[Source records]
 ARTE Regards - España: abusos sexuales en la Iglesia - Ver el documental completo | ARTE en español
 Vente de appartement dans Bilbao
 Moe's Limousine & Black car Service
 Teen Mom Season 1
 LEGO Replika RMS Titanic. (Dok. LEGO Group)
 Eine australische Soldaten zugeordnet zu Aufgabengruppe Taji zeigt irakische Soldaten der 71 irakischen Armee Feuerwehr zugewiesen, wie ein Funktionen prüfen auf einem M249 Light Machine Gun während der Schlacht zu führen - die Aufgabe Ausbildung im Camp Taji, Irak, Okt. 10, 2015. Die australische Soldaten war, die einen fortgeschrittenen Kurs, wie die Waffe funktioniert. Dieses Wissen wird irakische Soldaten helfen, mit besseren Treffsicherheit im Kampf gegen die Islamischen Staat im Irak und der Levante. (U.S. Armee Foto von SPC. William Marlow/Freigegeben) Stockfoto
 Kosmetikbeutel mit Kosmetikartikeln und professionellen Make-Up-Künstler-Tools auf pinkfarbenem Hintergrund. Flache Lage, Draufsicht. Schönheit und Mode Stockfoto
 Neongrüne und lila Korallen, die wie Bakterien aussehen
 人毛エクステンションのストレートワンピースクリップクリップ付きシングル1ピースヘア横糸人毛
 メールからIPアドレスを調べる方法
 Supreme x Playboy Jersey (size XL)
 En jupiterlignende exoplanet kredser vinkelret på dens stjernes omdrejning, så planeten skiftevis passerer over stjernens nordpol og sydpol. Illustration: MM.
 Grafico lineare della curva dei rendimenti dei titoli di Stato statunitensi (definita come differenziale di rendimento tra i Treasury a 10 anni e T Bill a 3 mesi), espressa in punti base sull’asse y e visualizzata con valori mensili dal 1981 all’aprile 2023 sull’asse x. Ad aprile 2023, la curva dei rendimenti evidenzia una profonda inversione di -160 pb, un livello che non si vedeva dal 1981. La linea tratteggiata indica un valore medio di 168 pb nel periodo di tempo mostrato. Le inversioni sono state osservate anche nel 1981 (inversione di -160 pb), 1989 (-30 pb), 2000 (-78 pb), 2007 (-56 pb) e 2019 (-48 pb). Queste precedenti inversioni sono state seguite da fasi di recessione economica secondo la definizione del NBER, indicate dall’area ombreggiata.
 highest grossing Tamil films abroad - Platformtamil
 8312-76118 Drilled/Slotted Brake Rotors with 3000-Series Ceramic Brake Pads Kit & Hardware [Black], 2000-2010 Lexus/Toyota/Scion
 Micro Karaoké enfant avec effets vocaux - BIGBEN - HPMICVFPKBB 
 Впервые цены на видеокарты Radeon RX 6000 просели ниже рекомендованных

**DIRECTIONS**
Starting at the line with "人毛エクステンションのストレ", copy every line up to and including the last one in the entries above.

**COMPLETED EXERCISE**
 人毛エクステンションのストレートワンピースクリップクリップ付きシングル1ピースヘア横糸人毛
 メールからIPアドレスを調べる方法
 Supreme x Playboy Jersey (size XL)
 En jupiterlignende exoplanet kredser vinkelret på dens stjernes omdrejning, så planeten skiftevis passerer over stjernens nordpol og sydpol. Illustration: MM.
 Grafico lineare della curva dei rendimenti dei titoli di Stato statunitensi (definita come differenziale di rendimento tra i Treasury a 10 anni e T Bill a 3 mesi), espressa in punti base sull’asse y e visualizzata con valori mensili dal 1981 all’aprile 2023 sull’asse x. Ad aprile 2023, la curva dei rendimenti evidenzia una profonda inversione di -160 pb, un livello che non si vedeva dal 1981. La linea tratteggiata indica un valore medio di 168 pb nel periodo di tempo mostrato. Le inversioni sono state osservate anche nel 1981 (inversione di -160 pb), 1989 (-30 pb), 2000 (-78 pb), 2007 (-56 pb) e 2019 (-48 pb). Queste precedenti inversioni sono state seguite da fasi di recessione economica secondo la definizione del NBER, indicate dall’area ombreggiata.
 highest grossing Tamil films abroad - Platformtamil
 8312-76118 Drilled/Slotted Brake Rotors with 3000-Series Ceramic Brake Pads Kit & Hardware [Black], 2000-2010 Lexus/Toyota/Scion
 Micro Karaoké enfant avec effets vocaux - BIGBEN - HPMICVFPKBB 
 Впервые цены на видеокарты Radeon RX 6000 просели ниже рекомендованных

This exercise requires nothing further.